DATA SHOWN: Begin

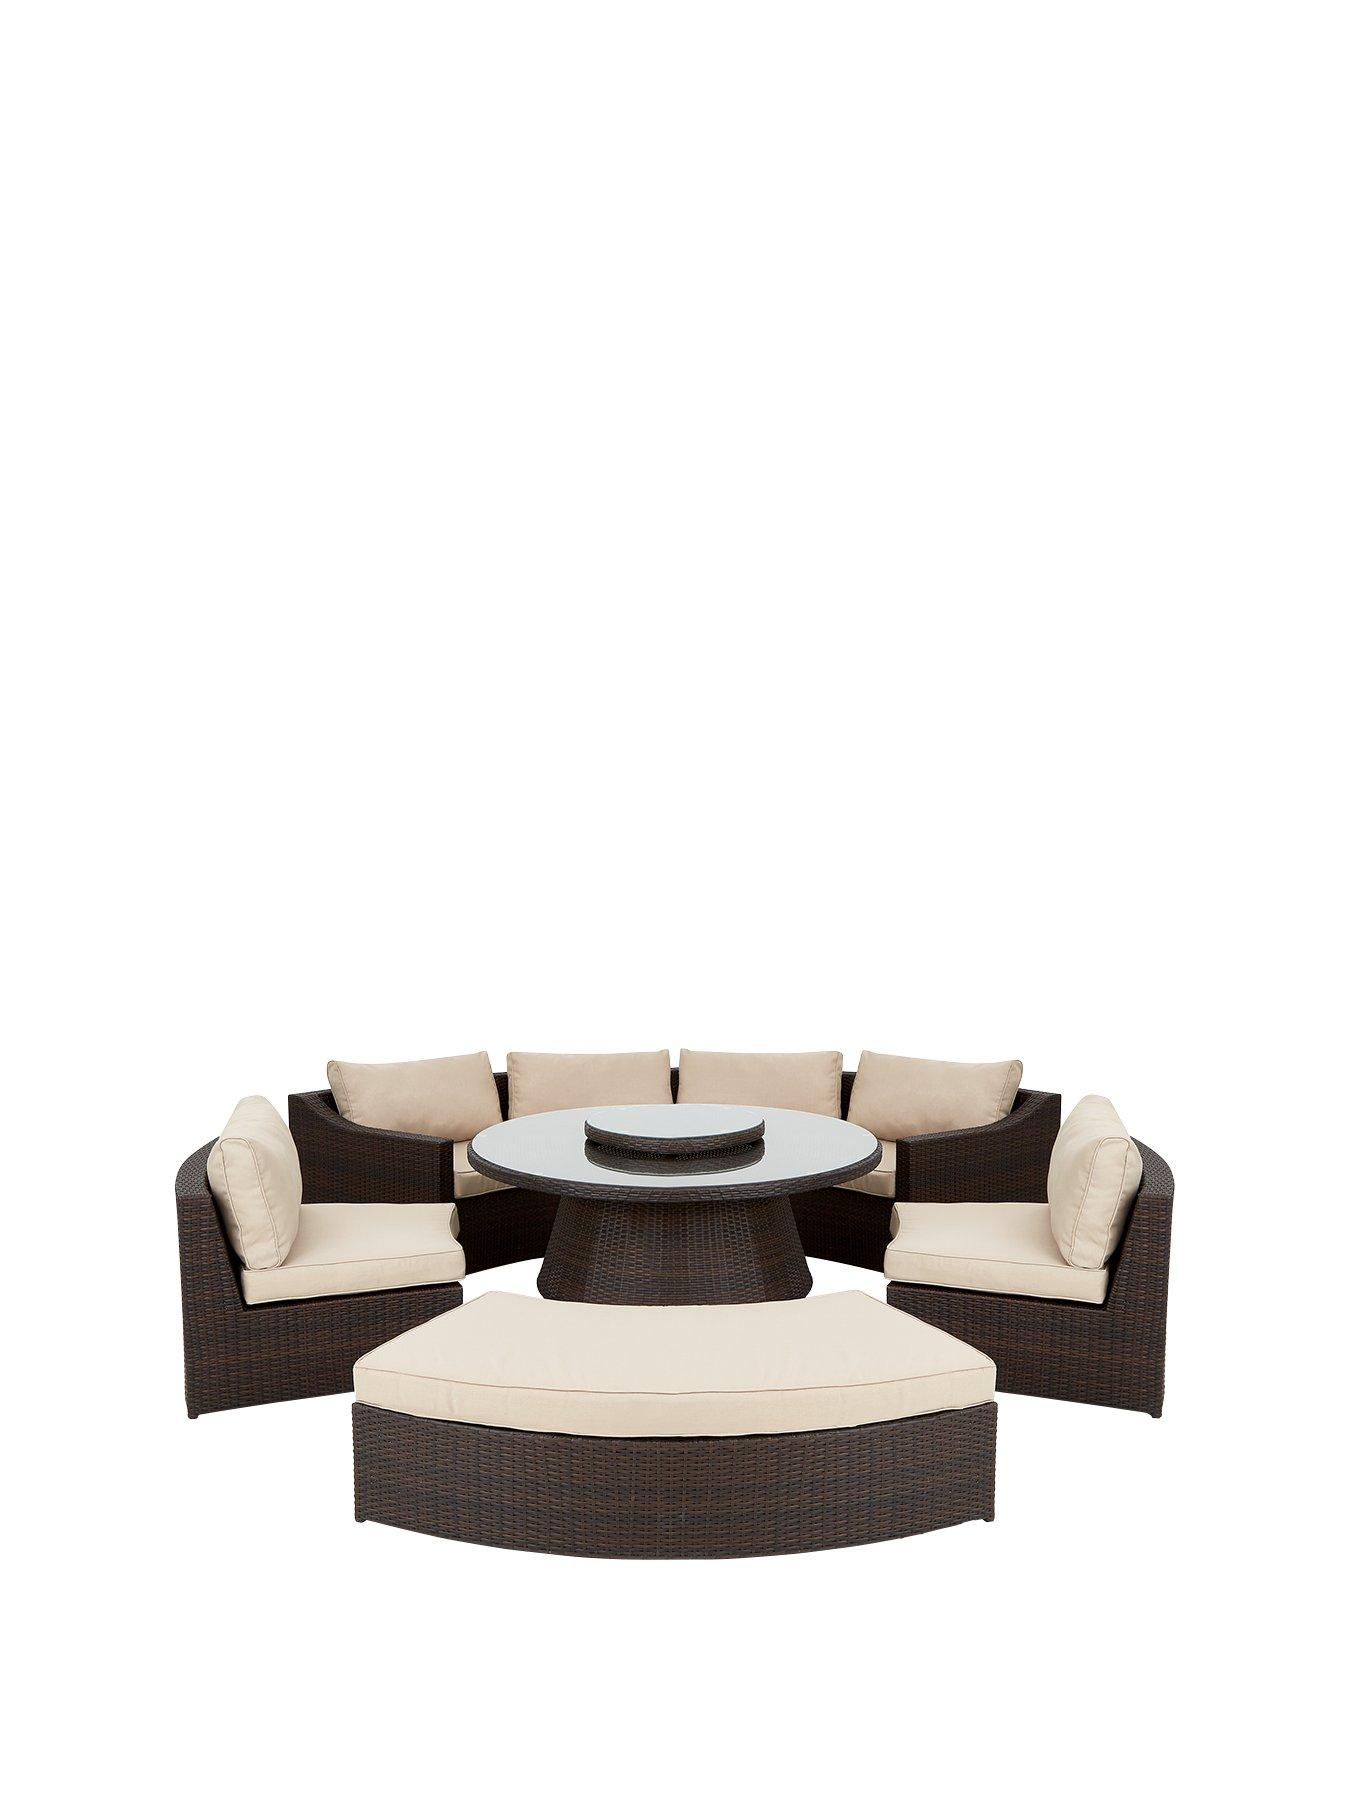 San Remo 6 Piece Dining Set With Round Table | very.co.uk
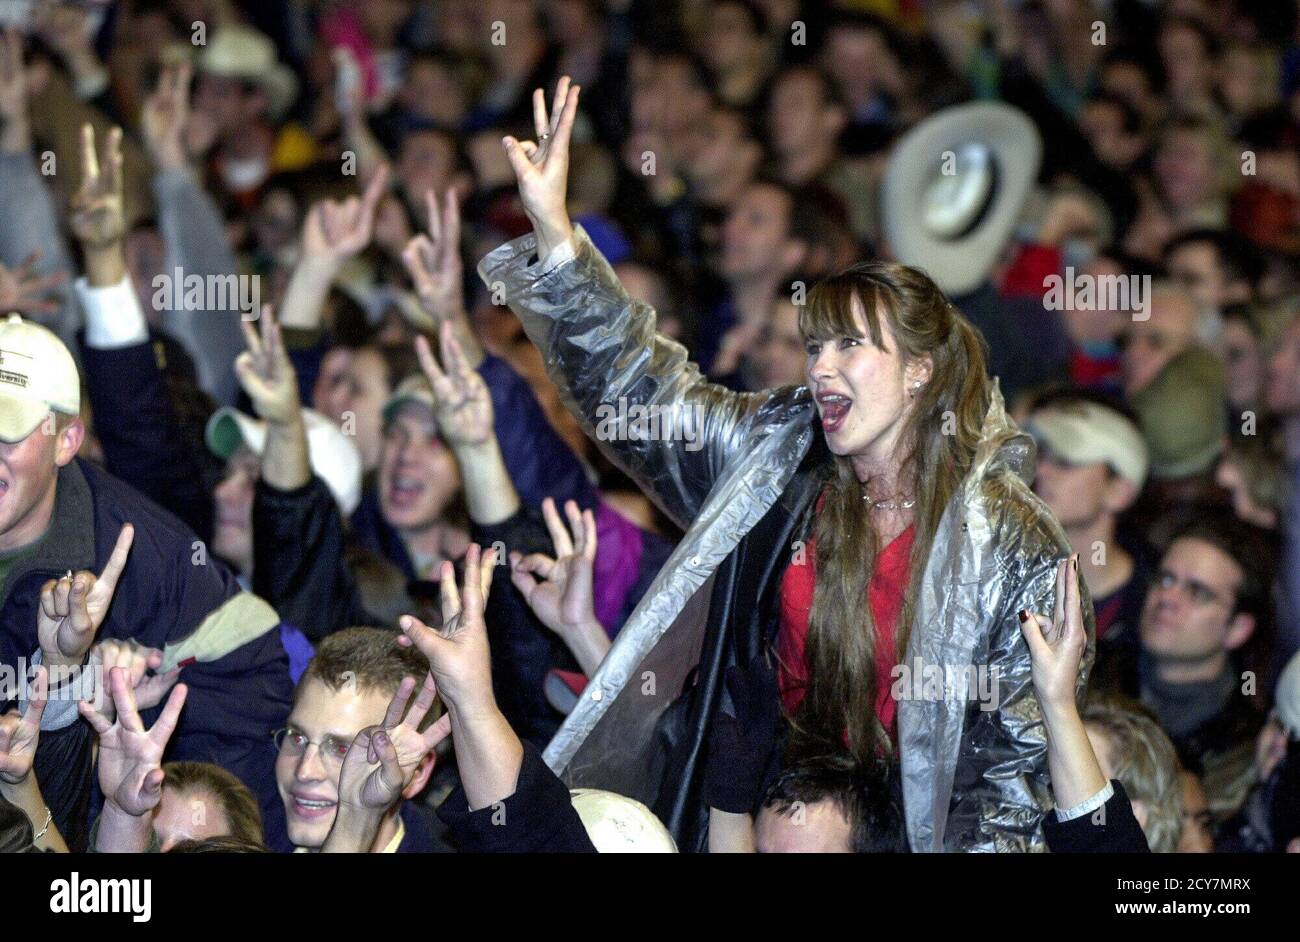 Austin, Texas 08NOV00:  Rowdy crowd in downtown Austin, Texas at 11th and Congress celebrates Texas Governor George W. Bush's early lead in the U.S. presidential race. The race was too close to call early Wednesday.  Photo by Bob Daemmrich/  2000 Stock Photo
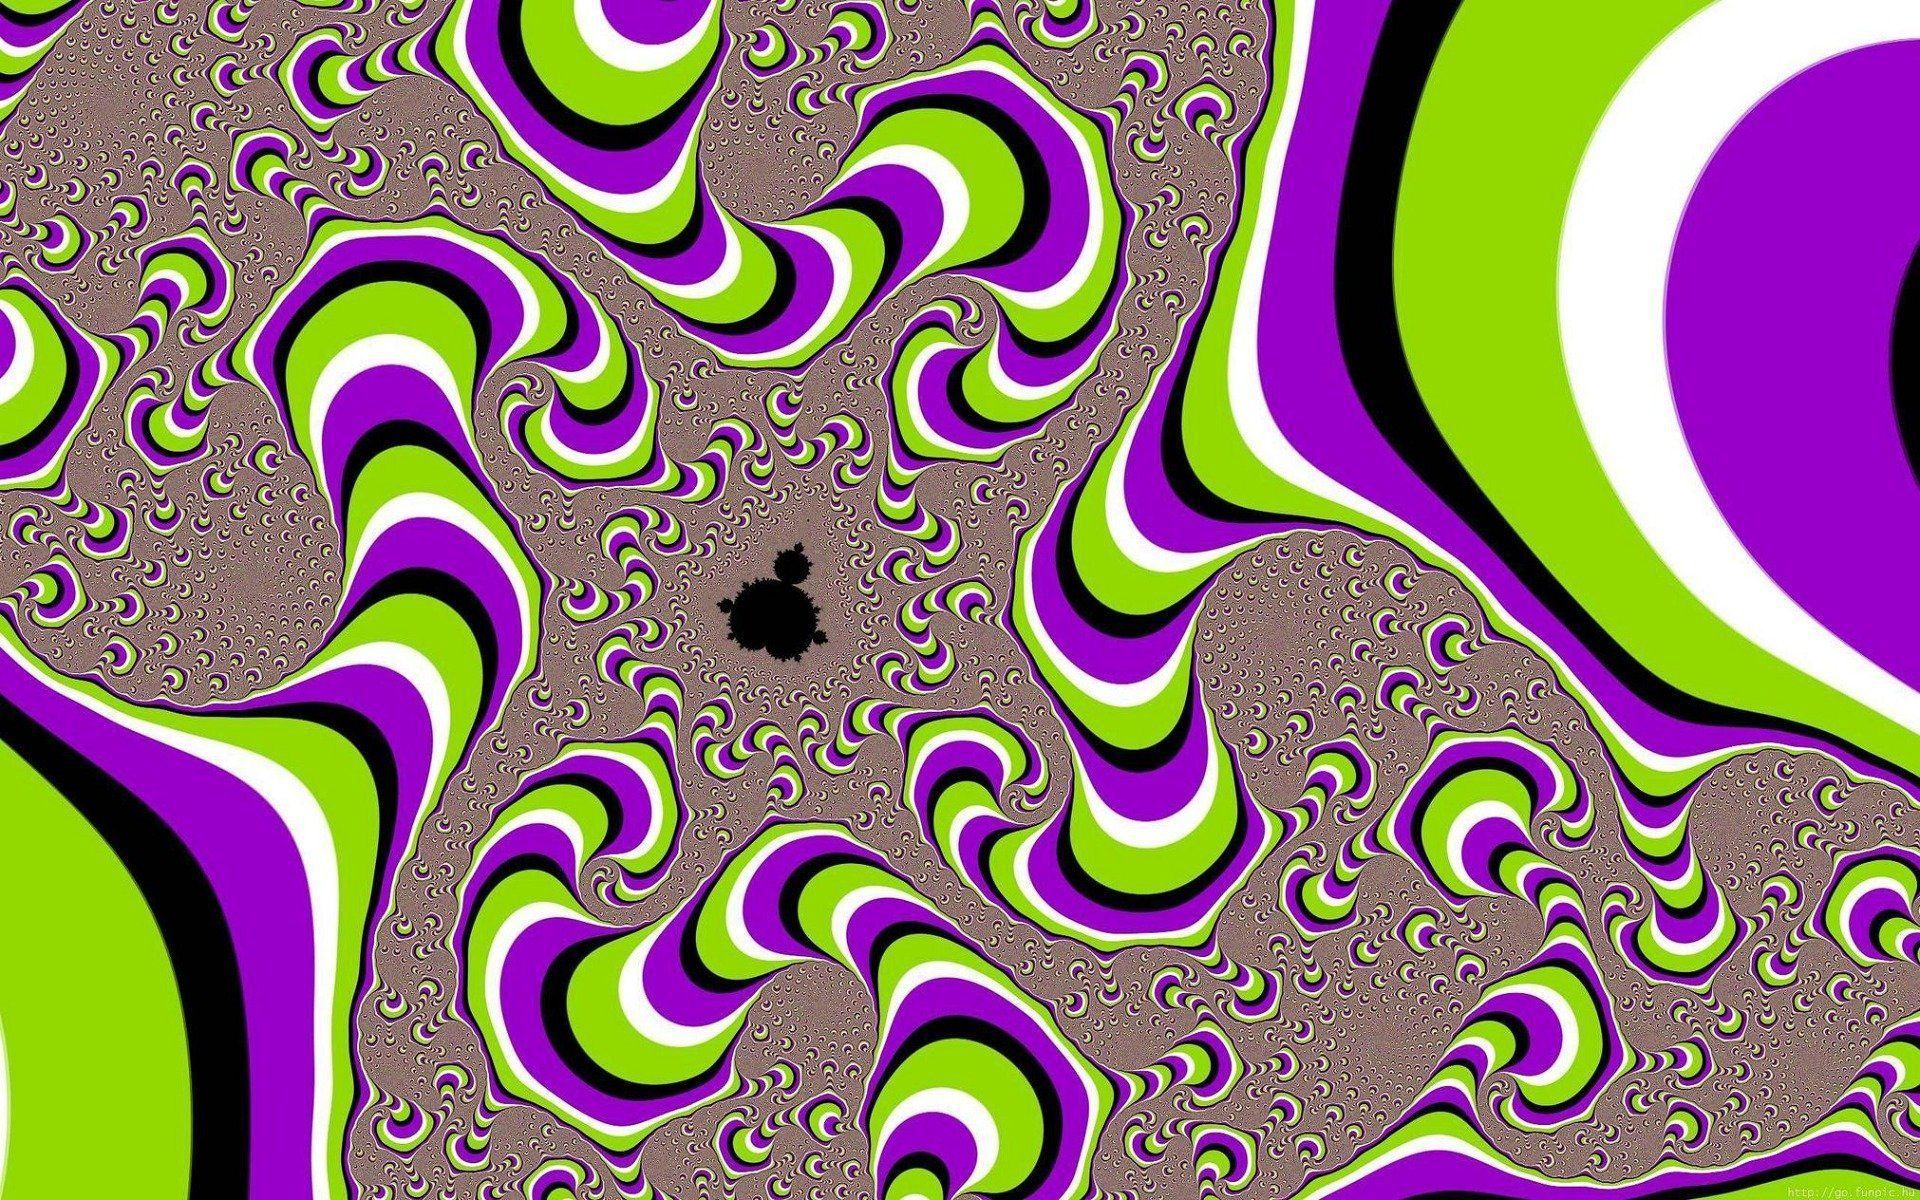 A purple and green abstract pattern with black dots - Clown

DATA SHOWN: End

### EXERCISE DESCRIPTION
Apart from the pictures, restate all of the listing above exactly.

### ANSWER TO THIS TASK
 San Remo 6 Piece Dining Set With Round Table | very.co.uk
 Austin, Texas 08NOV00:  Rowdy crowd in downtown Austin, Texas at 11th and Congress celebrates Texas Governor George W. Bush's early lead in the U.S. presidential race. The race was too close to call early Wednesday.  Photo by Bob Daemmrich/  2000 Stock Photo
 A purple and green abstract pattern with black dots - Clown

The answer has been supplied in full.